Saved entries
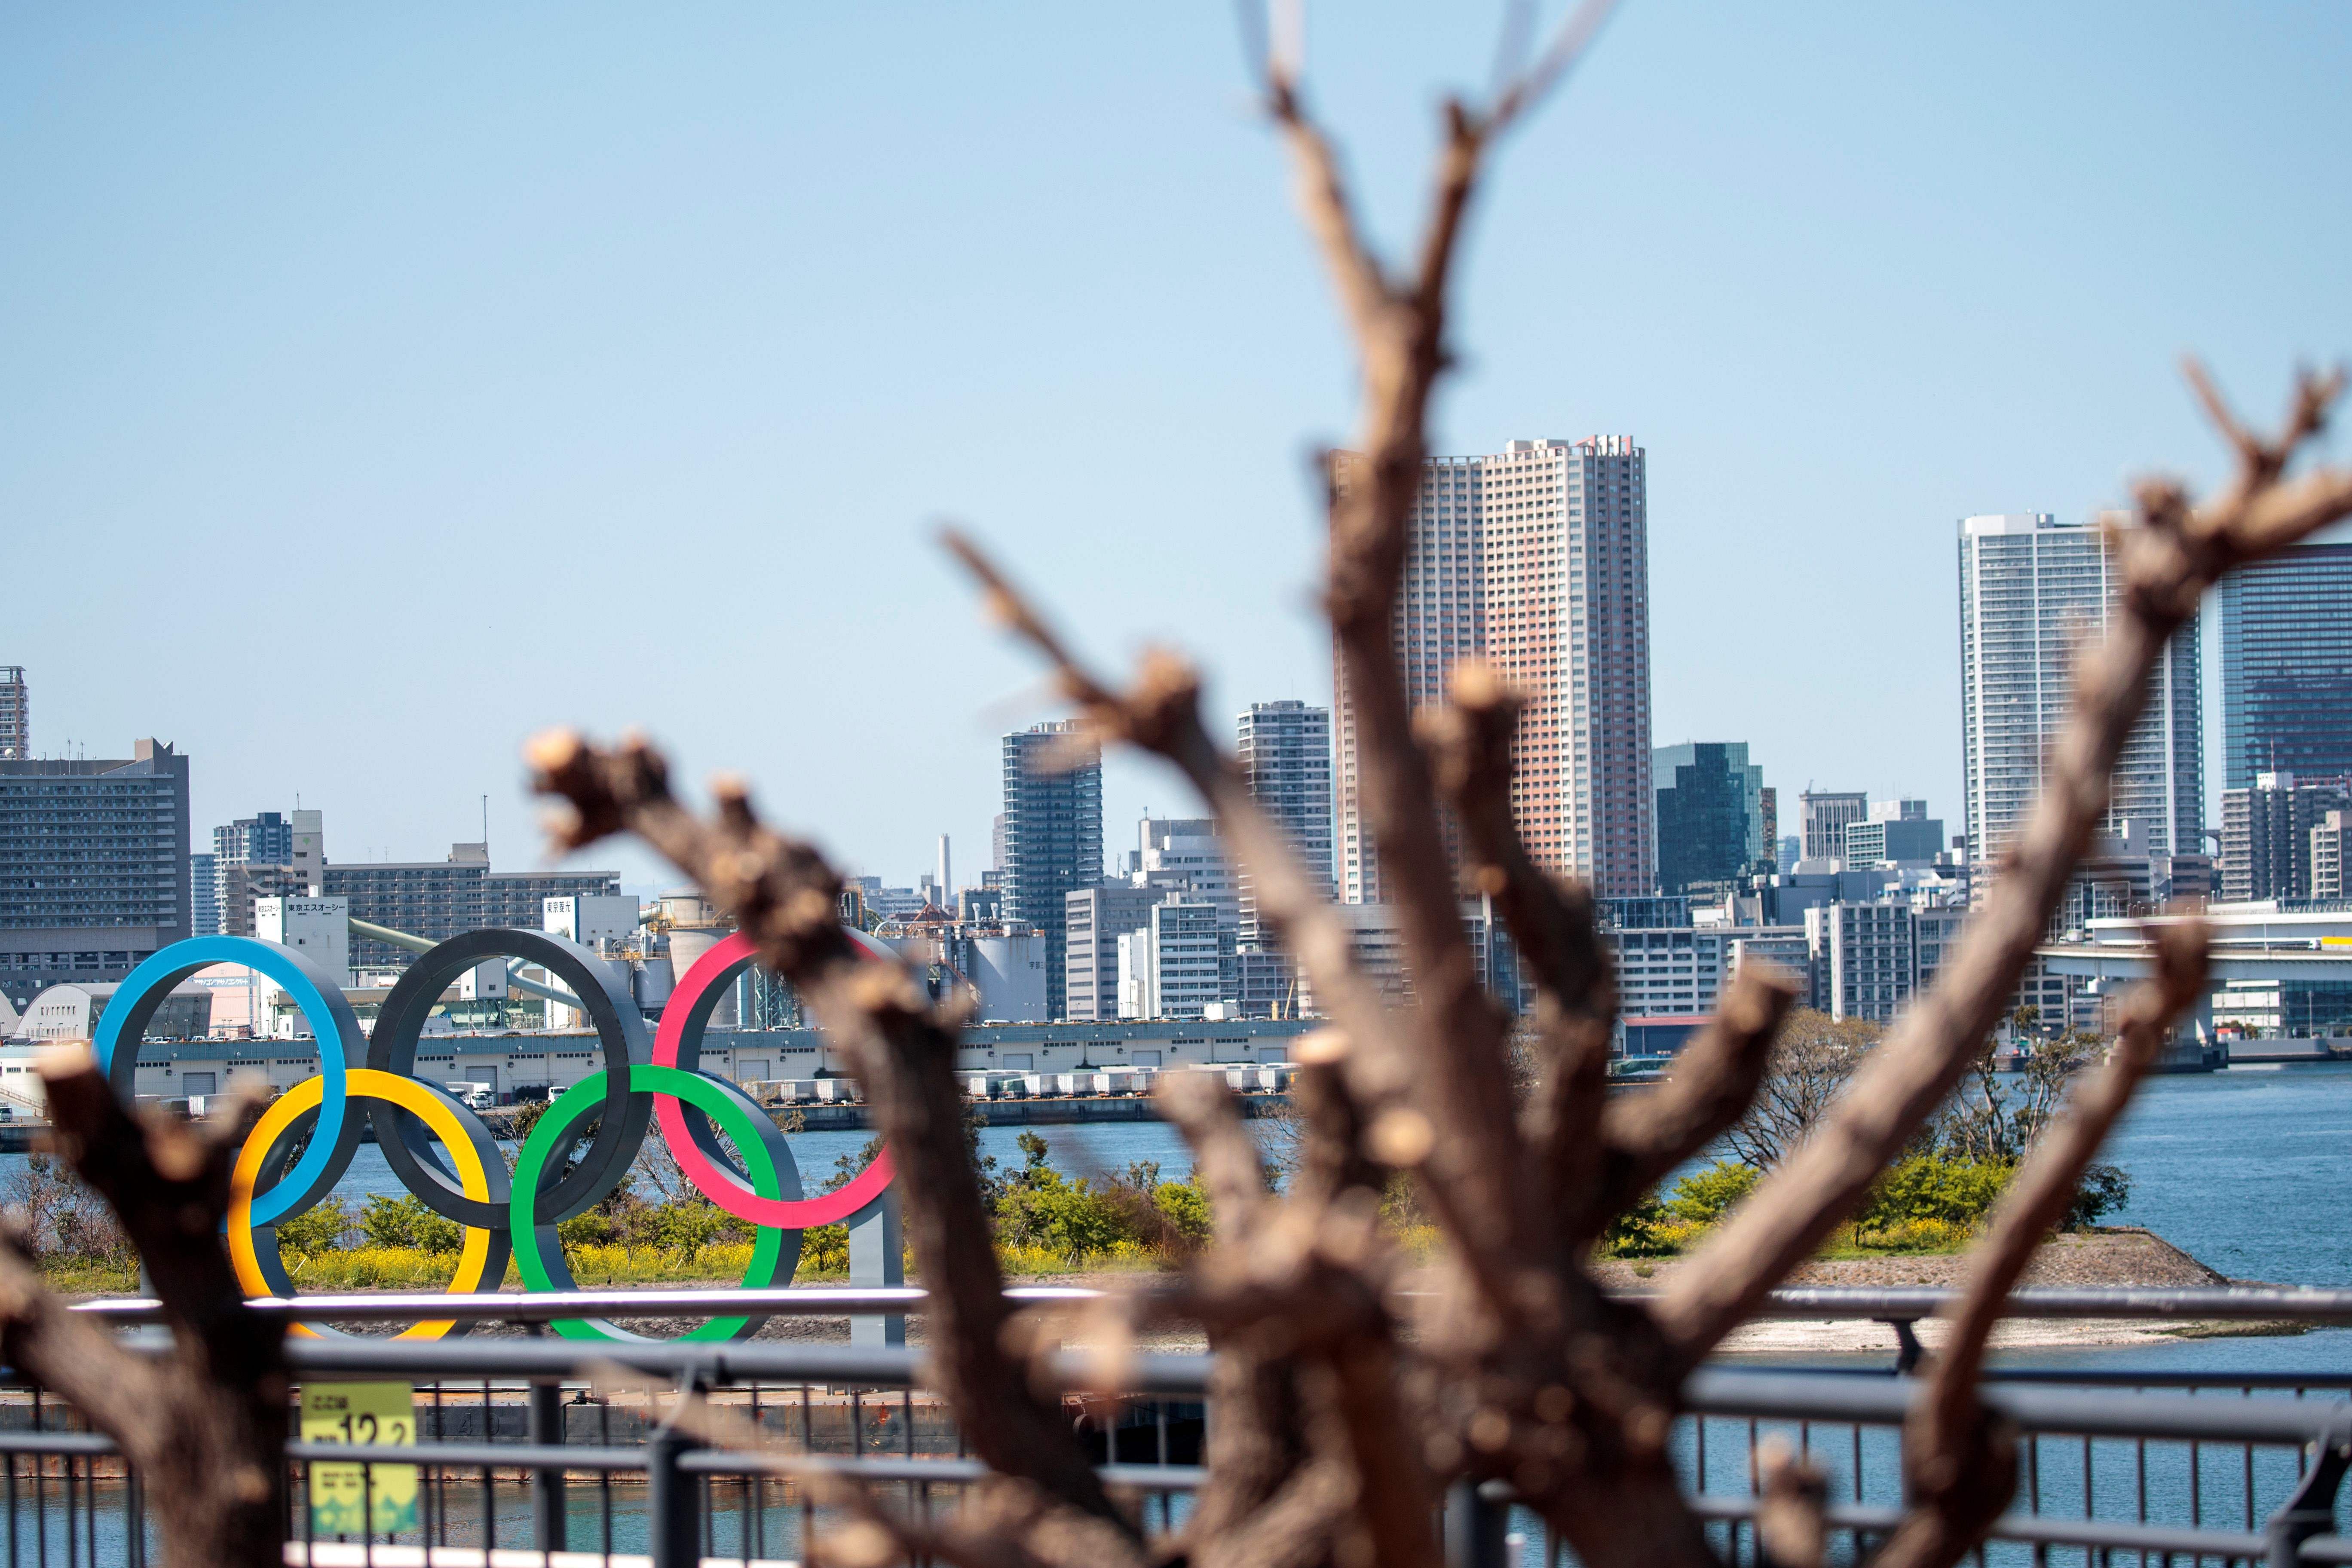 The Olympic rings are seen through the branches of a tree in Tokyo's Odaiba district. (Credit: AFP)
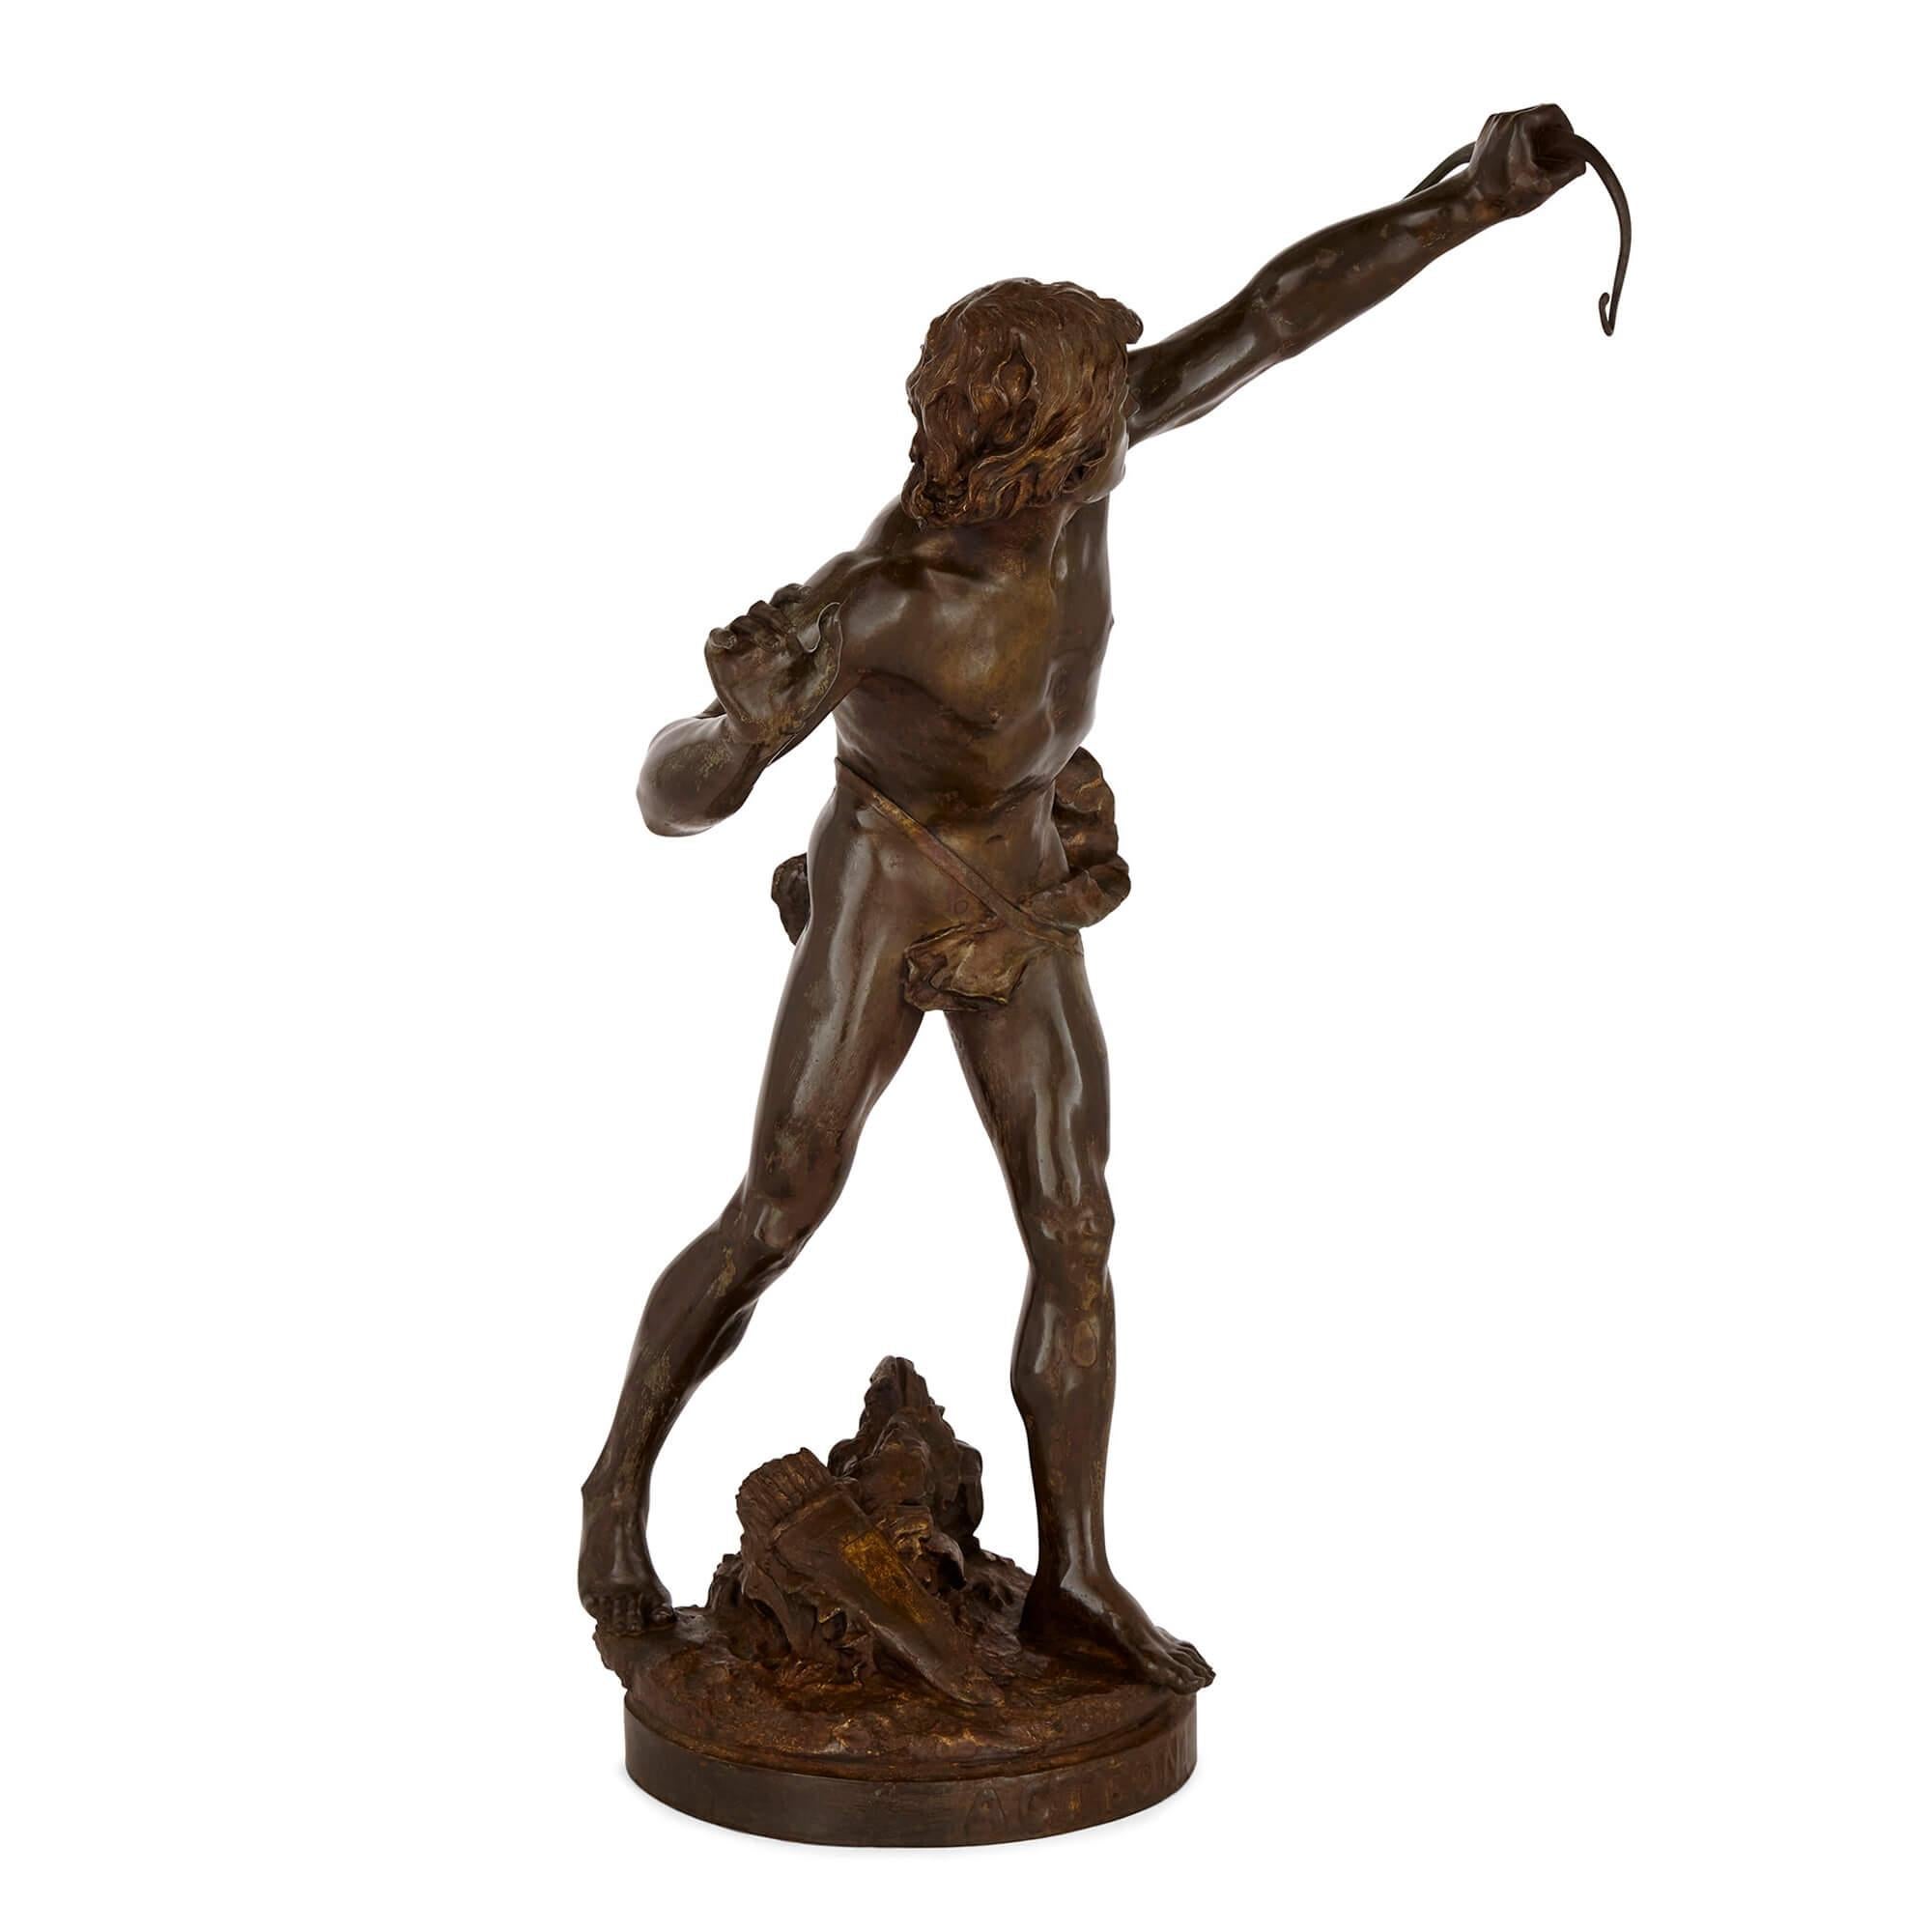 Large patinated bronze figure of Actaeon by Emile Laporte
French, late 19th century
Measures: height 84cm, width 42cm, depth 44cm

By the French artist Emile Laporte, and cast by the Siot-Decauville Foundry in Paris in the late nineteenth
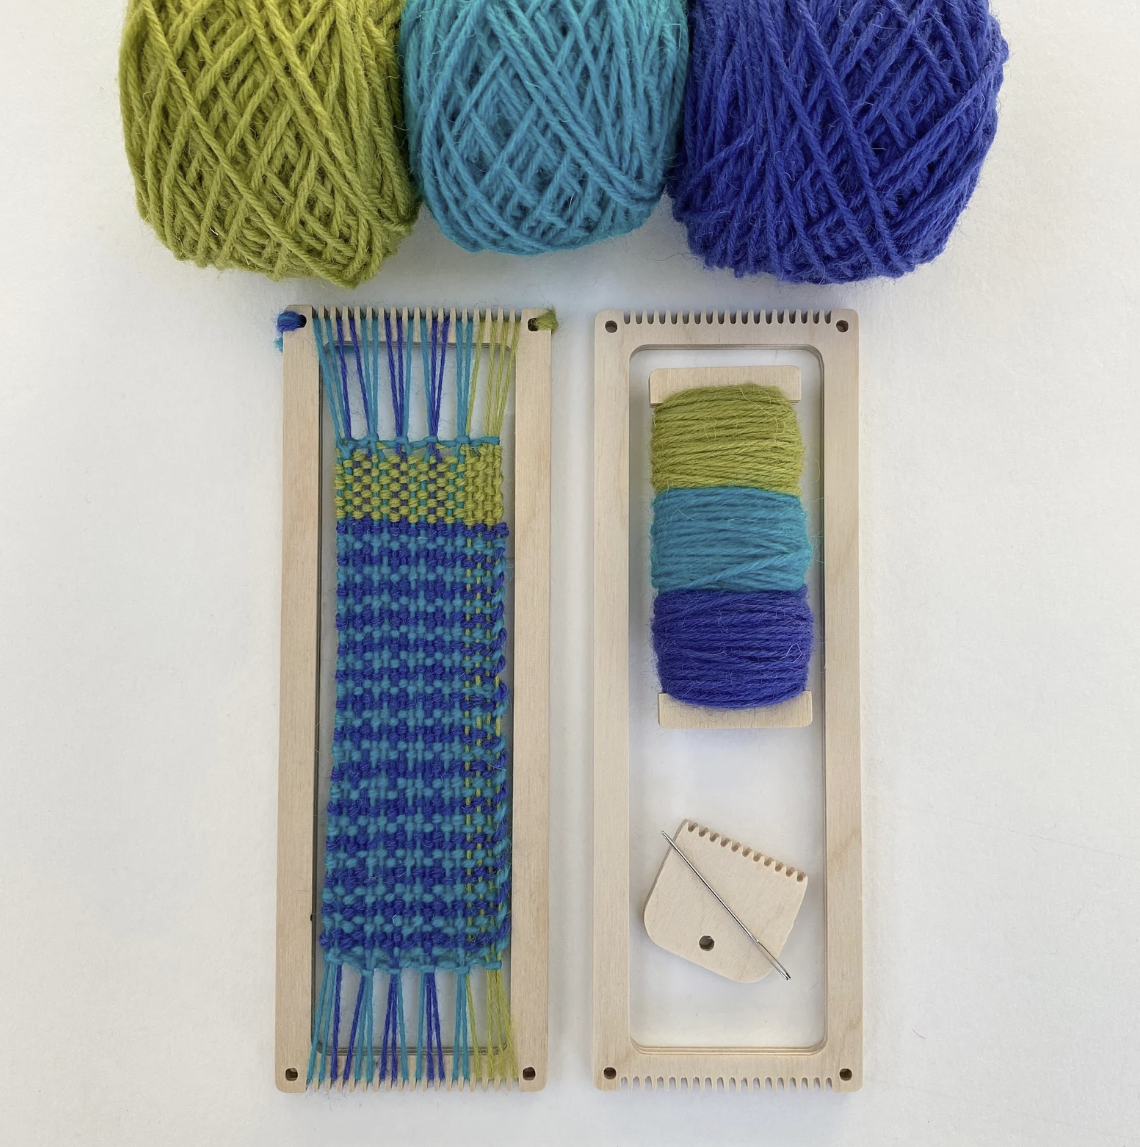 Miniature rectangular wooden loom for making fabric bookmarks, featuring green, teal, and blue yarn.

## Task requirements:
Quote every record above exactly, omitting any pictures they contain.

## Task result:
 The Olympic rings are seen through the branches of a tree in Tokyo's Odaiba district. (Credit: AFP)
 Large patinated bronze figure of Actaeon by Emile Laporte
French, late 19th century
Measures: height 84cm, width 42cm, depth 44cm

By the French artist Emile Laporte, and cast by the Siot-Decauville Foundry in Paris in the late nineteenth
 Miniature rectangular wooden loom for making fabric bookmarks, featuring green, teal, and blue yarn.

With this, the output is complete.